**Exercise details:** Each line in the material below, starting at the one with "Merianstraße, 25 Oberurseler" and ending at the one with "Велосипед Actiwell KID-ST12 розовый", is to be reproduced exactly; no picture is to be copied.

**Supplied data:**
+++

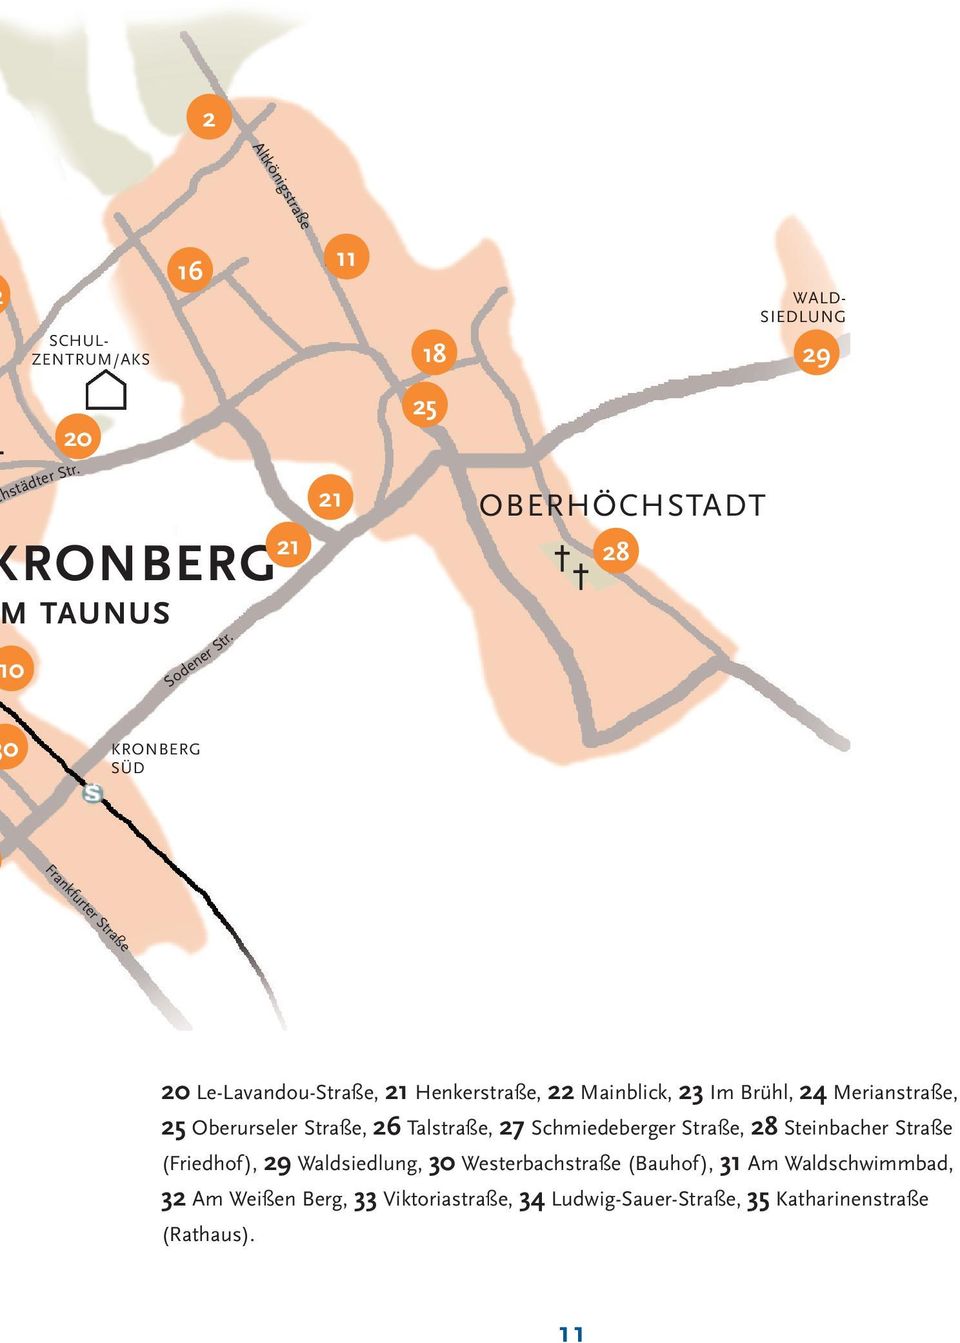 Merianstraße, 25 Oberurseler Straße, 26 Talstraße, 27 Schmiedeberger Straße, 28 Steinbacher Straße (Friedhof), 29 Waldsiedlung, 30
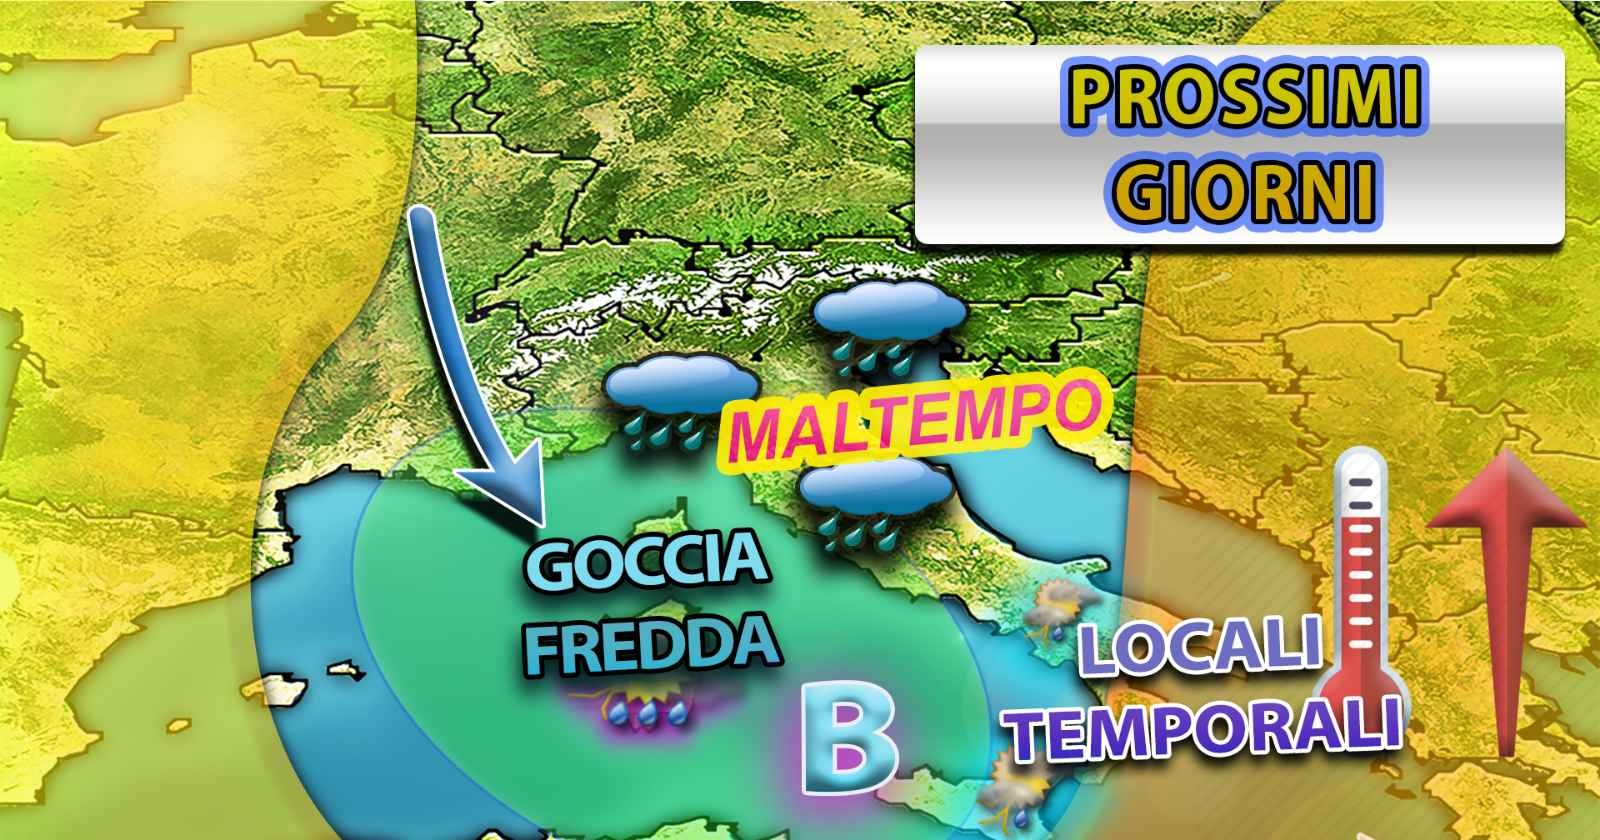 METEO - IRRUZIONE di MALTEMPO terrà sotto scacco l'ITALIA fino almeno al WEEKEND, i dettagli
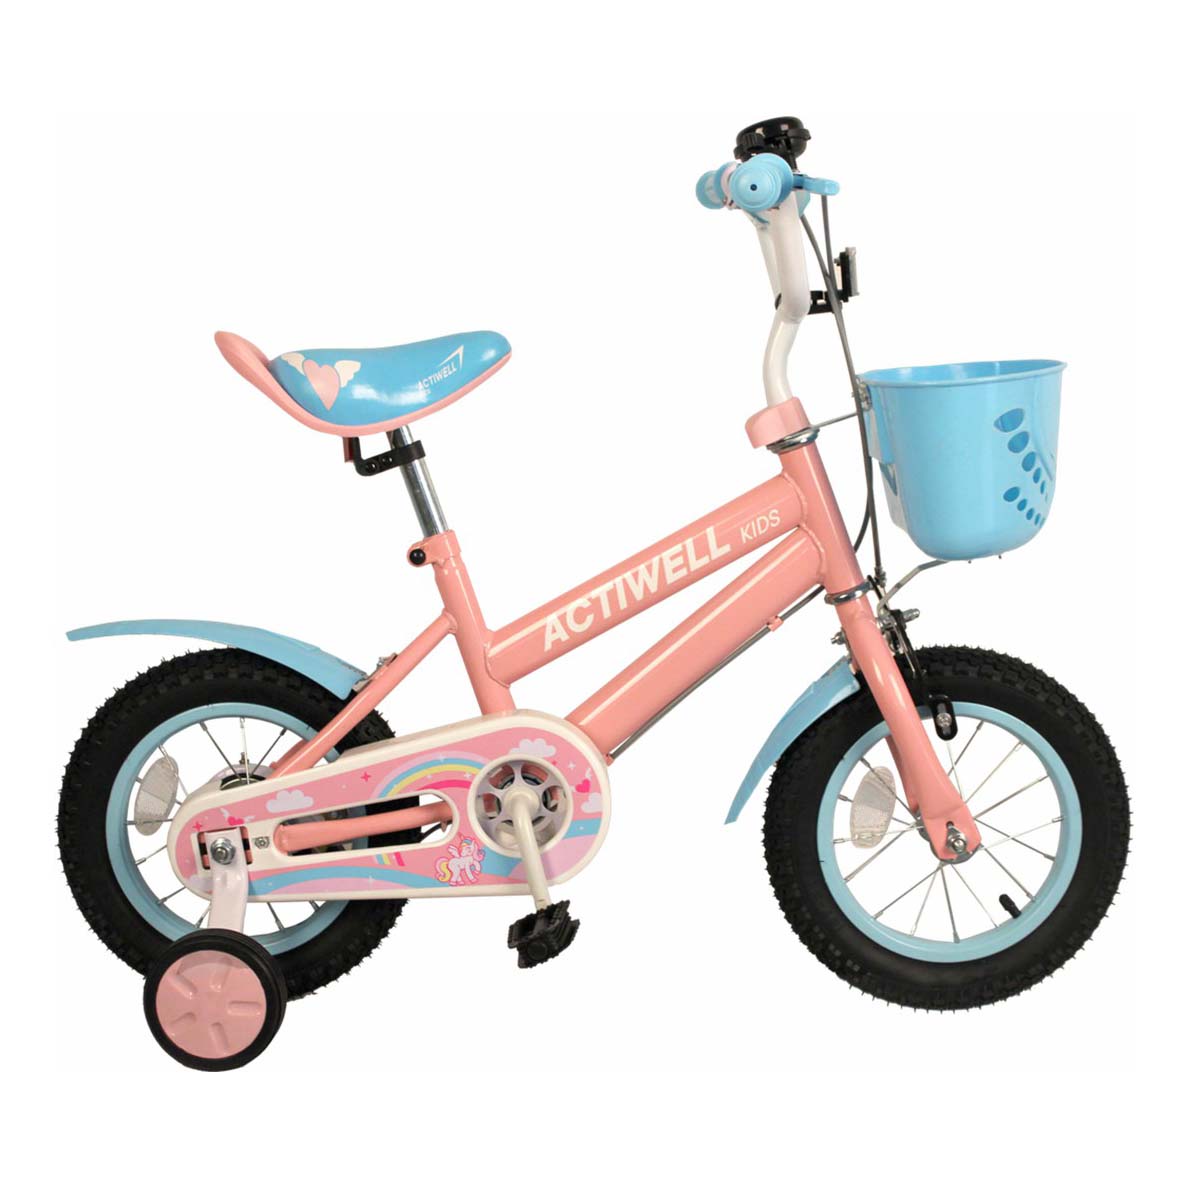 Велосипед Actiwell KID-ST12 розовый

+++

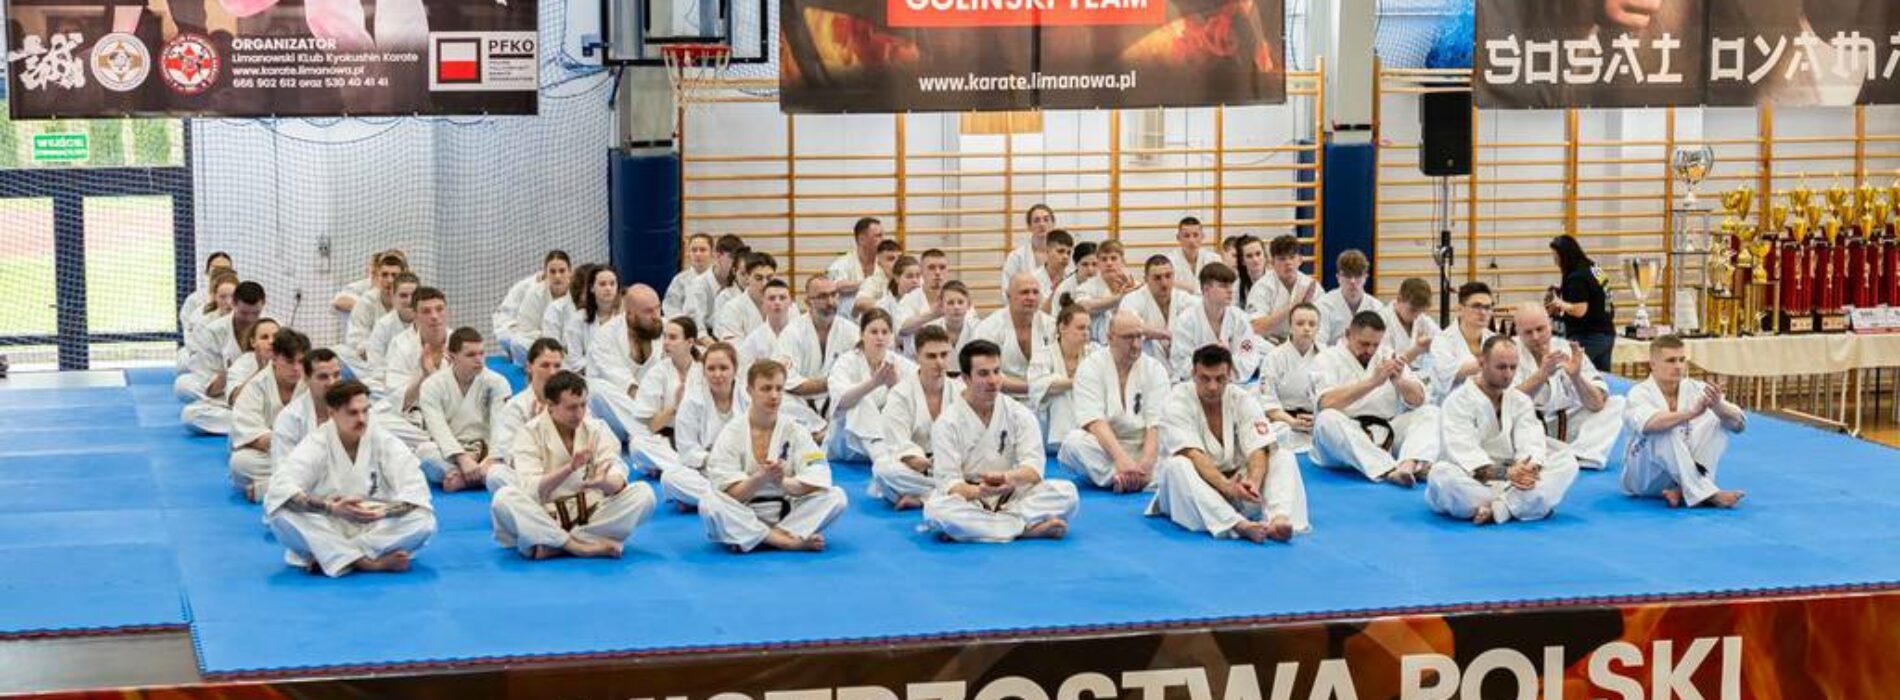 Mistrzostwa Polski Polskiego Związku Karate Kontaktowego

+++

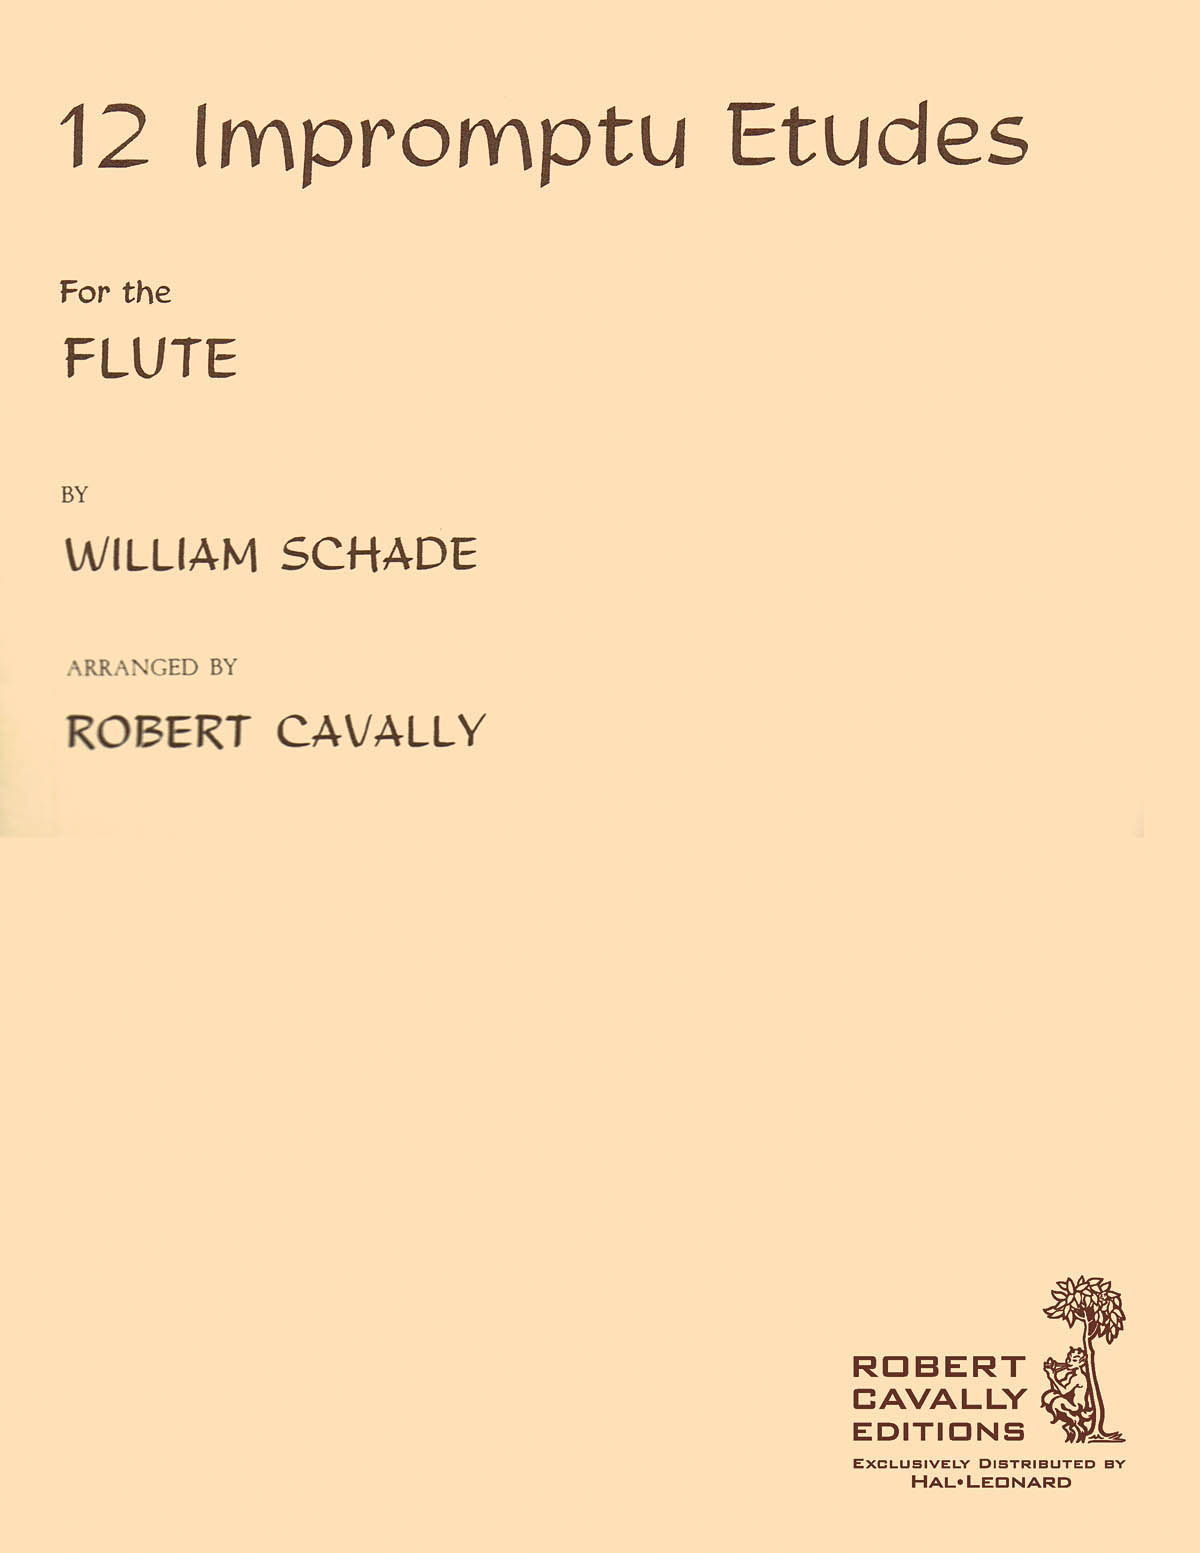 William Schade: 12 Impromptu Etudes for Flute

+++

**Response to this exercise:**
 Merianstraße, 25 Oberurseler Straße, 26 Talstraße, 27 Schmiedeberger Straße, 28 Steinbacher Straße (Friedhof), 29 Waldsiedlung, 30
 METEO - IRRUZIONE di MALTEMPO terrà sotto scacco l'ITALIA fino almeno al WEEKEND, i dettagli
 Велосипед Actiwell KID-ST12 розовый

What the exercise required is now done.